So, I've lived in St. John's, Fredericton, Montreal, Ottawa, Hamilton, Edmonton, and Victoria, and visited Halifax numerous times. Now is probably not the time to relocate anywhere, given the volatility of housing prices, and certainly not the time to judge any locale by housing prices.

As much charm and appeal as both Halifax and Victoria have - and they have lots - there are plenty of bedroom communities nearby that can check many of the boxes, with only a short and comfortable commute to "the big city". Once upon a time, the presence of military bases in both places (Esquimault and Dartmouth) made for plenty of affordable houses, but no more. But Duncan is nice, and so is Bridgewater and Lunenberg County. How much cheaper property is there, compared to less livable places (by the OP's criteria), I couldn't say.

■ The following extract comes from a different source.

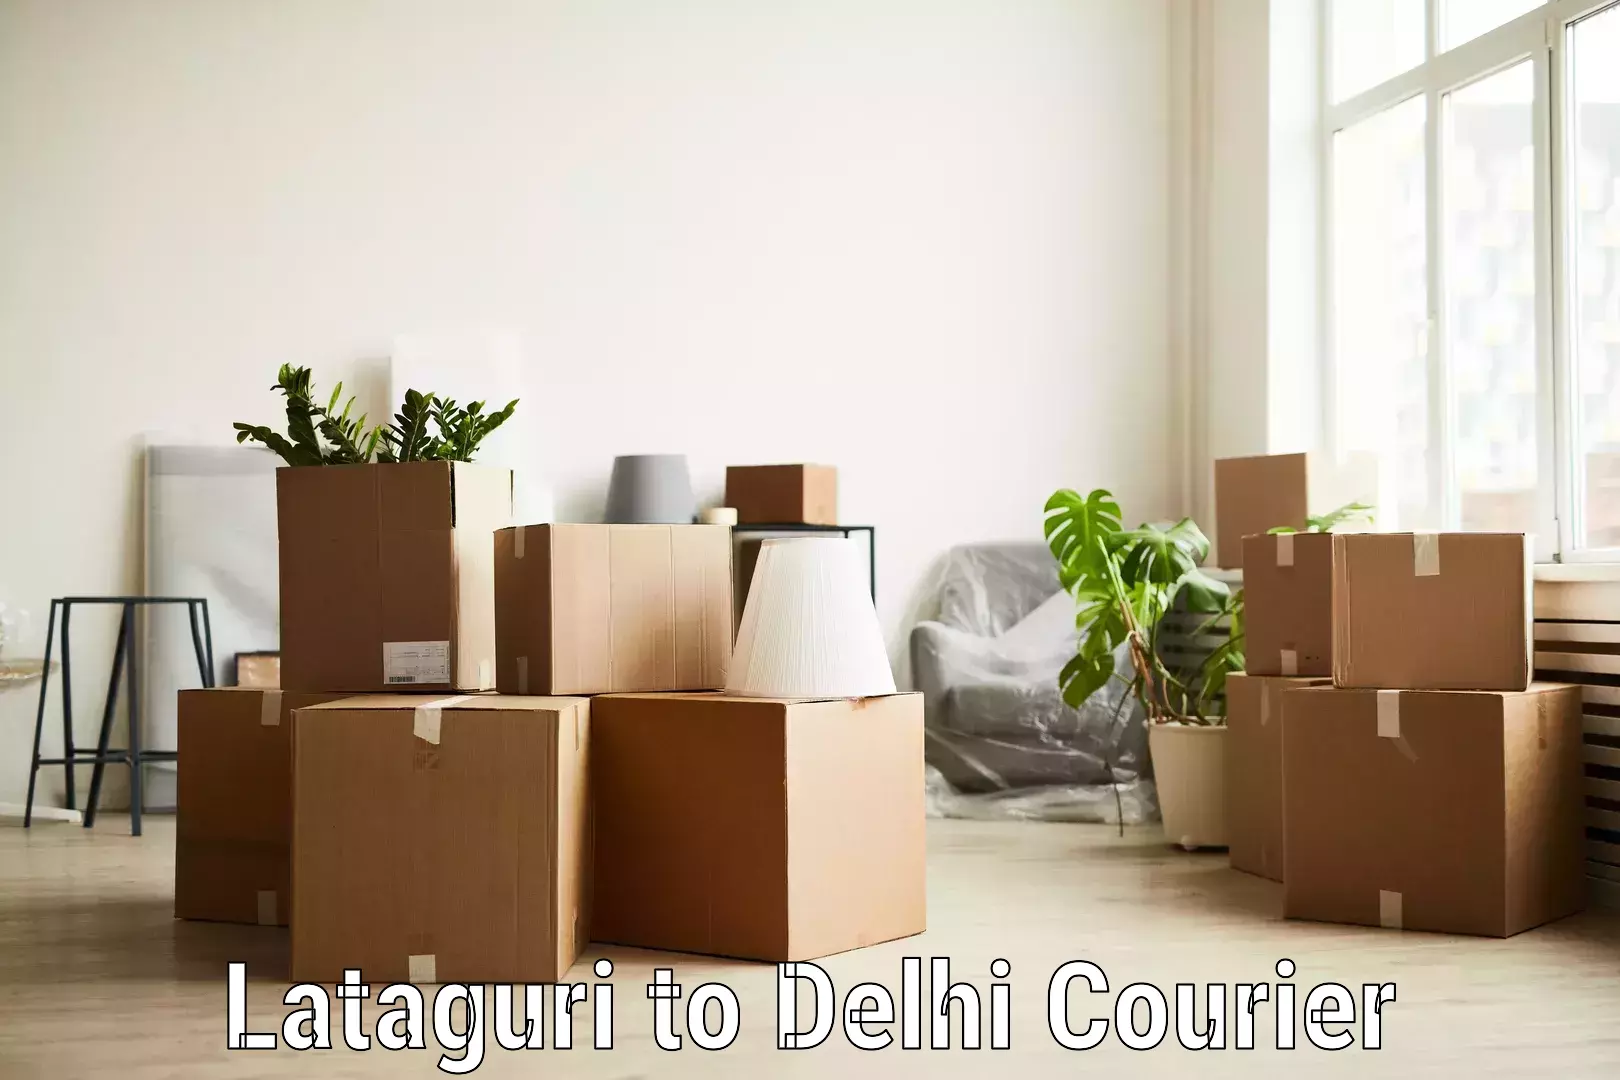 Courier app Lataguri to Sarojini Nagar
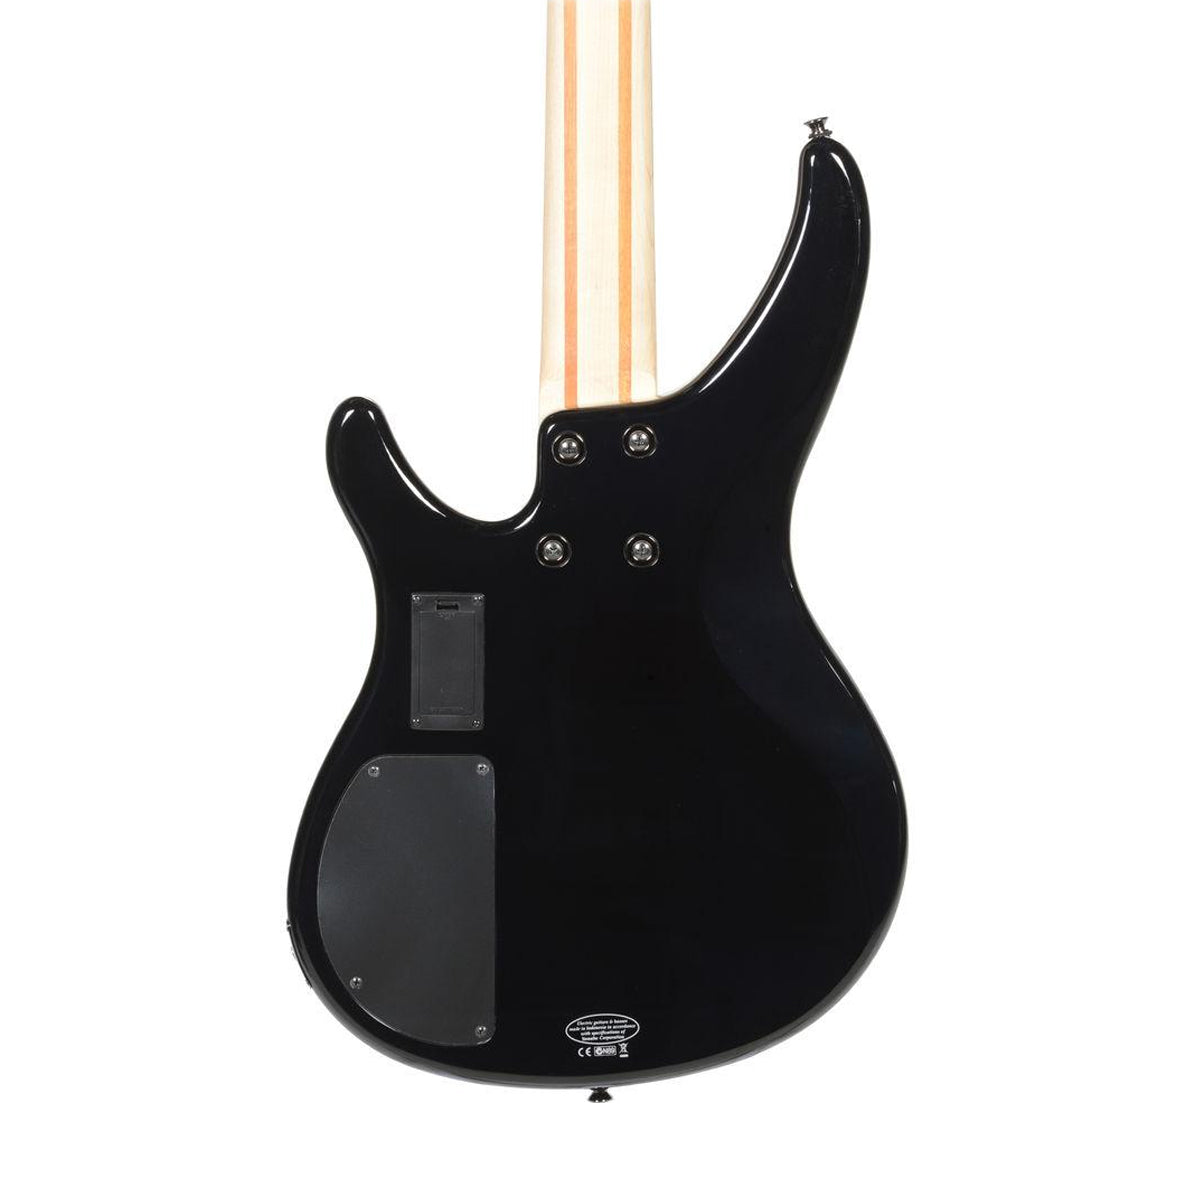 Yamaha TRBX304 Electric Bass Guitar - Black

But having driven from one end of the country to the other, several times, there aren't many places I wouldn't mind living. They wouldn't necessarily be my first choice, but still quite livable. As for weather, I don't think anyone can really predict it more than 3-4 days in advance anymore. I like to say that Calgary is "the future of weather", bikini snowboarding in February and driveway shovelling in August - no respect for the seasons whatsoever. Won't be long until Thunder Bay and Regina are facing the same thing.


----------



## teleboli (Aug 19, 2009)

mhammer said:


> So, I've lived in St. John's, Fredericton, Montreal, Ottawa, Hamilton, Edmonton, and Victoria, and visited Halifax numerous times. Now is probably not the time to relocate anywhere, given the volatility of housing prices, and certainly not the time to judge any locale by housing prices.
> 
> As much charm and appeal as both Halifax and Victoria have - and they have lots - there are plenty of bedroom communities nearby that can check many of the boxes, with only a short and comfortable commute to "the big city". Once upon a time, the presence of military bases in both places (Esquimault and Dartmouth) made for plenty of affordable houses, but no more. But Duncan is nice, and so is Bridgewater and Lunenberg County. How much cheaper property is there, compared to less livable places (by the OP's criteria), I couldn't say.
> 
> But having driven from one end of the country to the other, several times, there aren't many places I wouldn't mind living. They wouldn't necessarily be my first choice, but still quite livable. As for weather, I don't think anyone can really predict it more than 3-4 days in advance anymore. I like to say that Calgary is "the future of weather", bikini snowboarding in February and driveway shovelling in August - no respect for the seasons whatsoever. Won't be long until Thunder Bay and Regina are facing the same thing.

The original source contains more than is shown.